Second, the Amended Complaint plausibly alleges that Defendants were aware of at least some of the alleged protected activities. In particular, the Amended Complaint specifically alleges that she met with the VSCHSD administration “every year” since 2014 to discuss her belief that the treatment she faced was “simply because she was an unmarried woman without children.” (Am. Compl. ¶ 37.) Thus, “Defendants were put on direct notice of discrimination she faced at least six (6) times over the years since 2014.” (Id. ¶ 39.) The Amended Complaint does not expressly allege that Defendants were aware of Fisher’s communications with Local 1633 representatives and the president.
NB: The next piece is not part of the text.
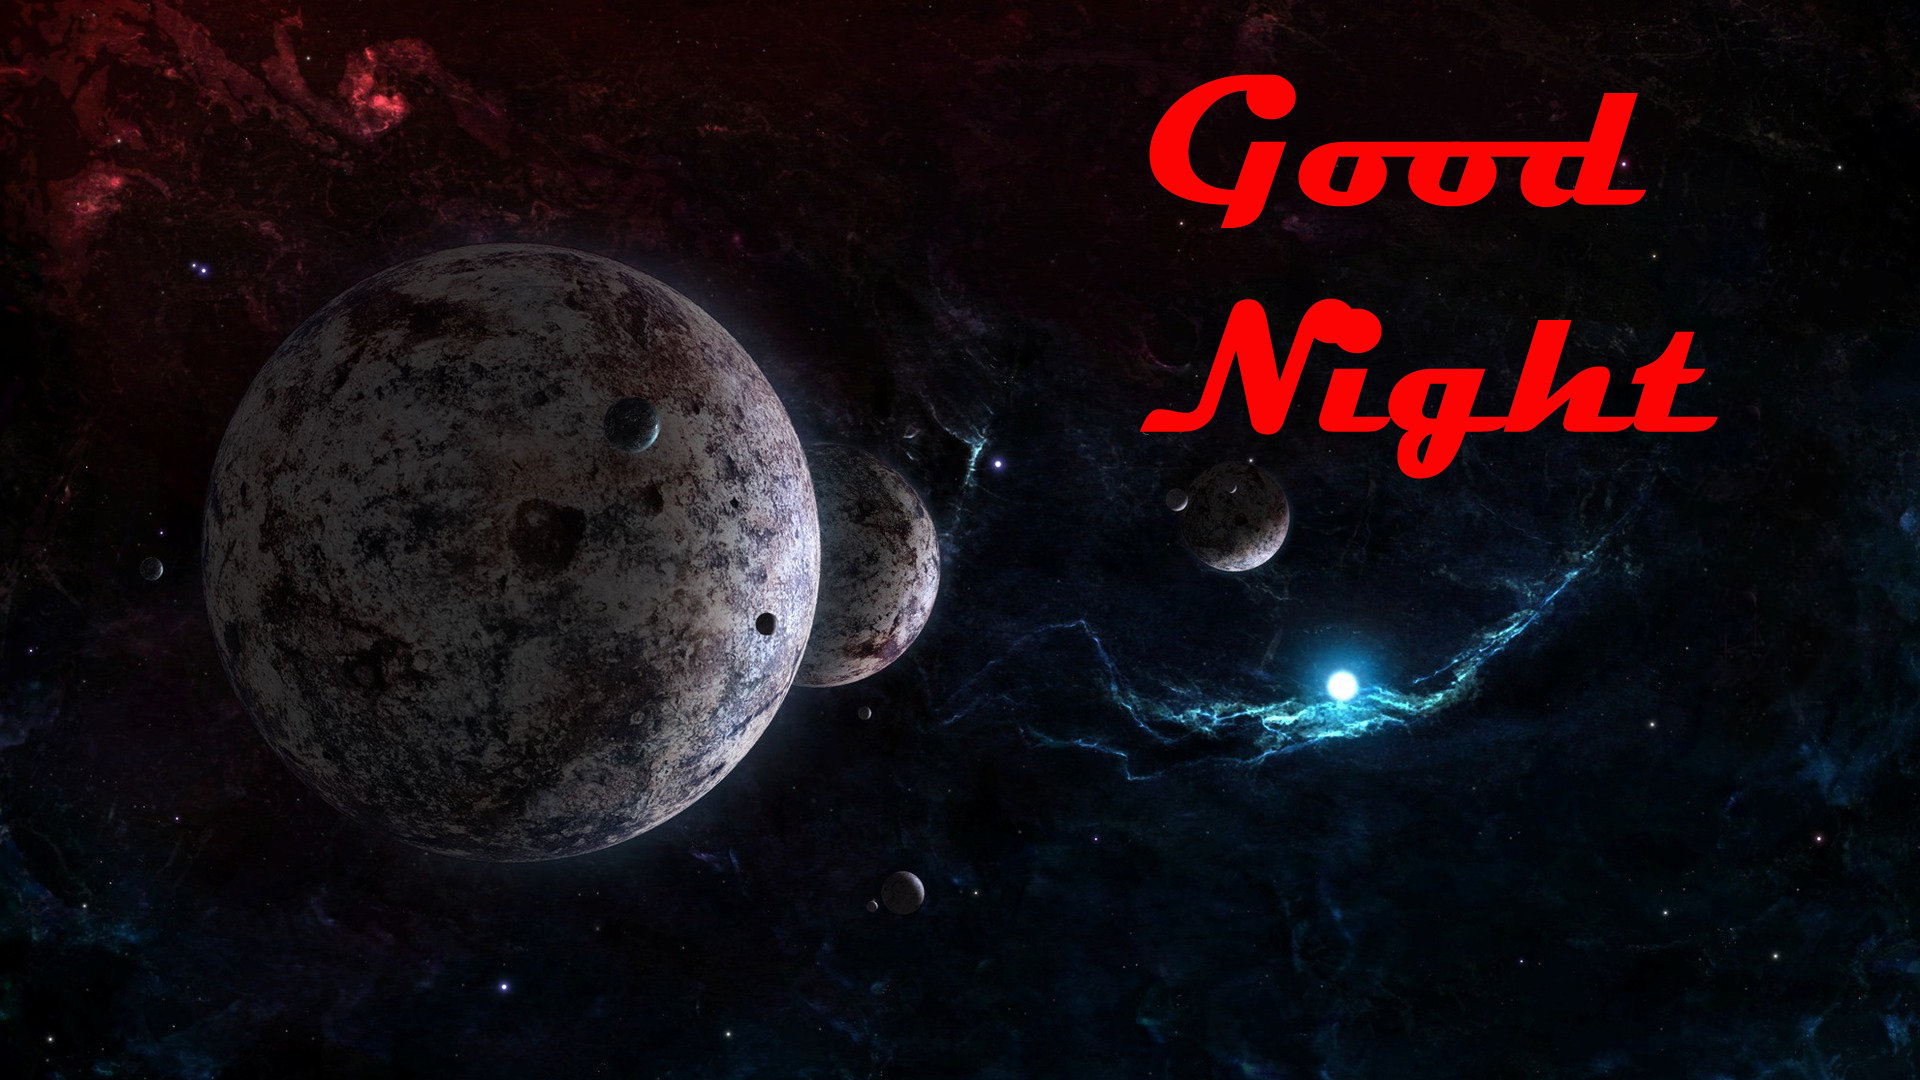 Good Night Msg Facebook - HD Wallpaper 
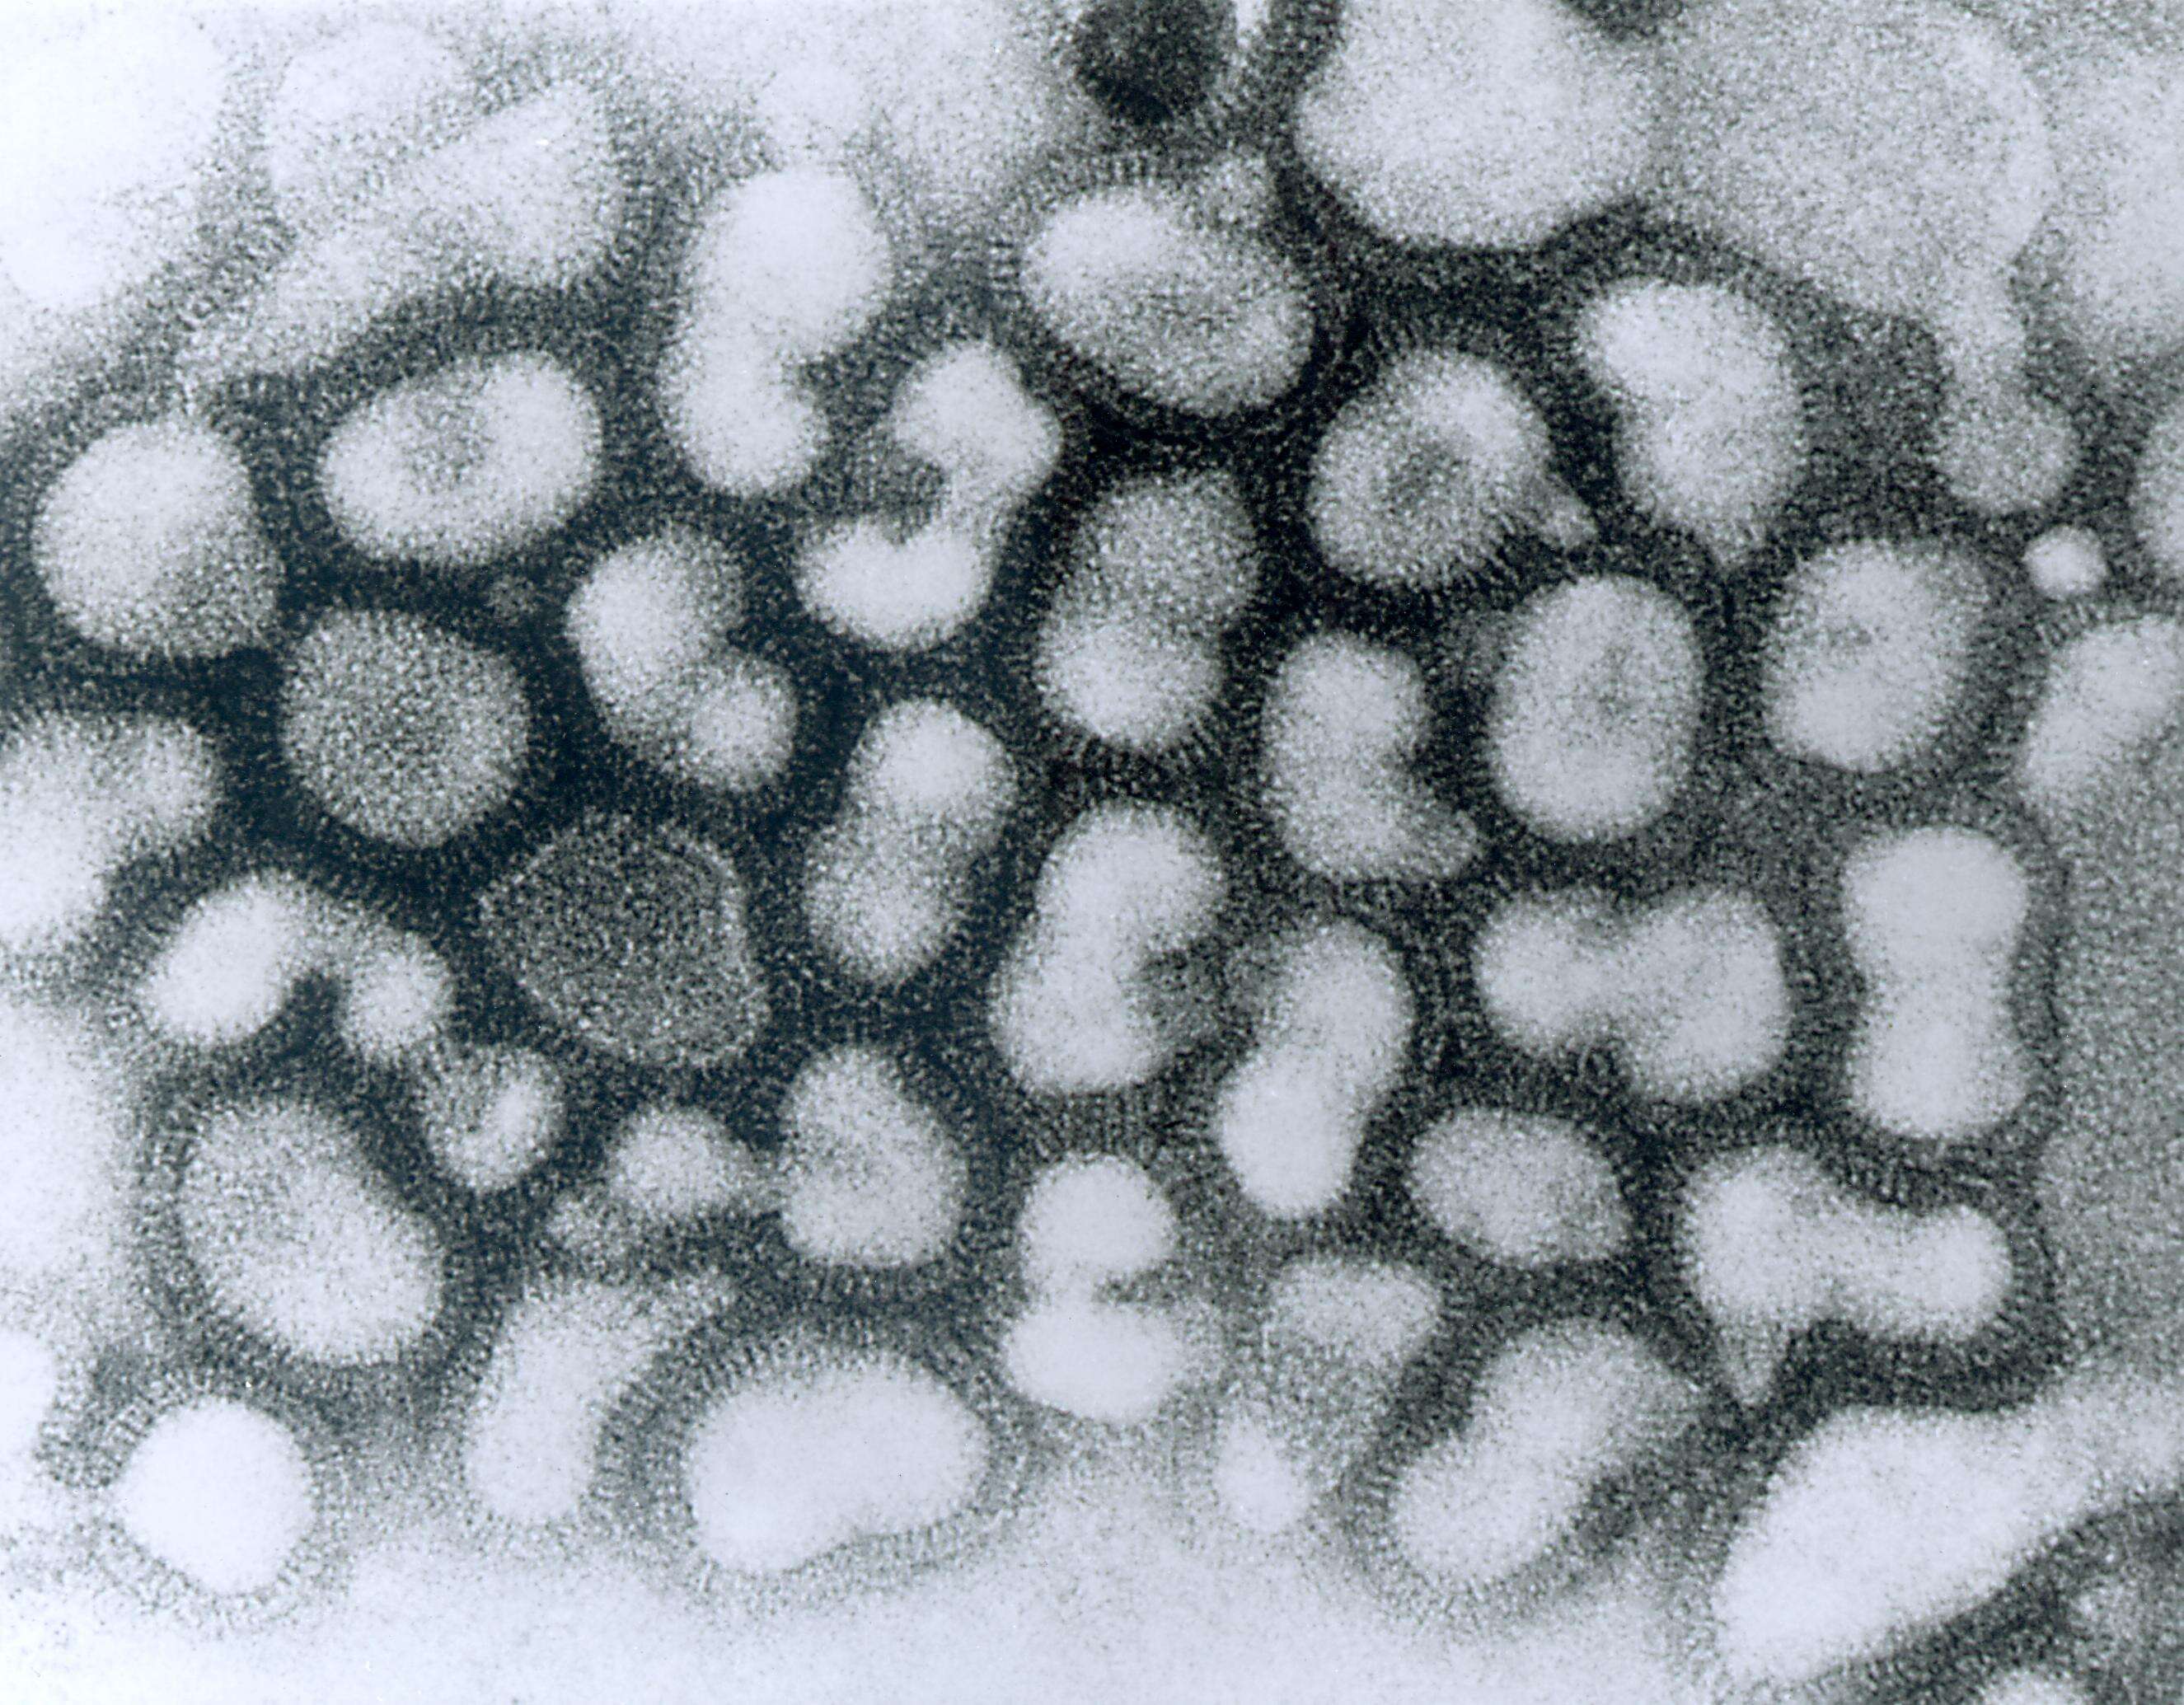 Plancia ëd Influenza A virus

It does, however, allege that the Local 1633 president informed Fisher that she was “on a slippery slope with the District,” which suggests that the union and Defendants had some degree of communication regarding Fisher’s actions. (Id. ¶ 52.)

Third, the only timely alleged retaliatory incident, the suspension of Fisher’s pay and benefits, satisfies the adverse action requirement, as the loss of one’s income and benefits plainly may “dissuade[ ] a reasonable worker from making or supporting a charge of discrimination.” See Carr, 76 F.4th at 179.

Fourth, the Amended Complaint plausibly alleges a causal relationship between the alleged protected activities and Defendants’ decision to suspend Fisher’s pay and benefits. In particular, the Amended Complaint plausibly alleges facts showing retaliatory intent—for example, the Local 1633 president’s decision to discourage Fisher from lodging further complaints because she was on “a slippery slope with the District.” (Am. Compl. ¶ 52.) Moreover, the temporal proximity between the April 26, 2021 call with the Local 1633 president and the September 1, 2021 suspension of Fisher’s pay and benefits plausibly alleges a causal connection at the pleading stage. Am. Compl. ¶¶ 48, 52; See Gorzynski v. JetBlue Airways Corp., 596 F.3d 93, 110 (2d Cir. 2010) (“Though this Court has not drawn a bright line defining, for the purposes of a prima facie case, the outer limits beyond which a temporal relationship is too attenuated to establish causation, we have previously held that five months is not too long to find the causal relationship.”).

Defendants’ arguments for dismissal of Fisher’s retaliation claim center on the Amended Complaint’s allegation that Defendants suspended Fisher’s pay and benefits in “retaliation for her FMLA leave taken in February 2021,” and I address that separate claim below, Discussion Section VIII.b. (Mem. at 16.) But the Amended Complaint also alleges that Defendants suspended Fisher’s pay and benefits “as a means of retaliating against her for complaining about their years-long campaign of discrimination and unlawful, hostile treatment.” (Am. Compl. ¶ 50.) Defendants cite no authority suggesting that Fisher cannot bring retaliation claims under both Title VII and the FMLA, or that, at the pleading stage, Fisher’s Title VII retaliation claim cannot go forward even if the FLMA retaliation claim does not withstand a Rule 12(b)(6) motion.

Accordingly, dismissal was not warranted.